PSA, Airbus, La SNCF, Air Liquide… sur les rangs

Le constructeur automobile n’est pas le seul à exposer sa vision de la digital factory. Airbus, Michelin, Total ou Engie communiquent beaucoup sur le sujet. Et des réalisations concrètes sont à l’œuvre. En janvier dernier, Air Liquide a inauguré son centre d’opération à distance dans la banlieue lyonnaise. D’ici la fin de l’année, il contrôlera et optimisera la production des 22 usines françaises du fournisseur de gaz industriel.

L’équipementier aéronautique Safran a, lui, créé dès 2015 une entité dédiée au big data. Objectif principal : anticiper les besoins de maintenance d’un moteur d’avion afin d’allonger la durée de vie du moteur tout en réduisant ses coûts d’entretien.

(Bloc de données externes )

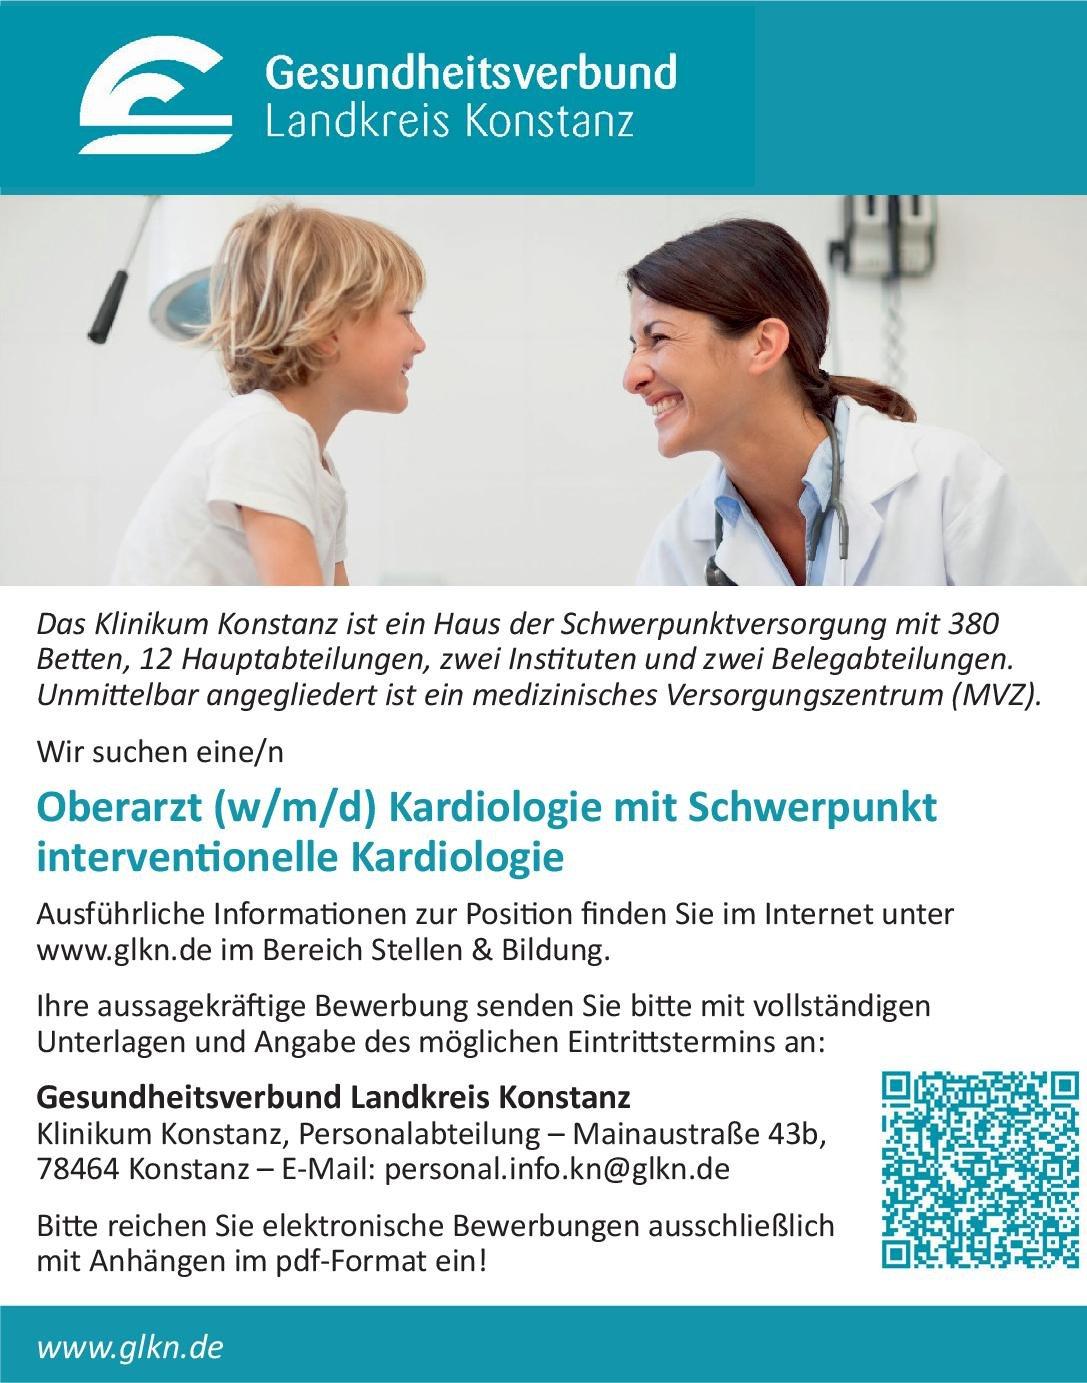 Klinikum Konstanz Oberarzt (w/m/d) Kardiologie mit Schwerpunkt interventionelle Kardiologie  Innere Medizin und Kardiologie, Innere Medizin Oberarzt

La SNCF s’est, elle, lancée depuis trois ans dans un vaste plan d’« internet industriel ». Il porte, bien sûr, sur la maintenance prédictive des rames et des installations pour anticiper les pannes de climatisation ou les fameuses ruptures de caténaires, véritables hantises des usagers.

Le big data aide aussi le groupe ferroviaire à éviter les retards liés à une obstruction de la voie ferrée liée à un arbre tombé ou une végétation trop luxuriante. La croissance de cette végétation peut être prédite à partir de l’analyse d’images prises par des drones et à d’autres données de type météo.

Revers de la médaille, en se digitalisant, l’industrie augmente son exposition aux risques. En 2014, une aciérie allemande subissait une cyberattaque lors de l’opération « Heartbleed » qui exploitait une faille système. Tout récemment, le « rançongiciel » WannaCry a, entre autres, touché l'usine Renault de Douai. Pour qu’elle ait un futur, l’usine devra faire de la cybersécurité une préoccupation de tous les moments.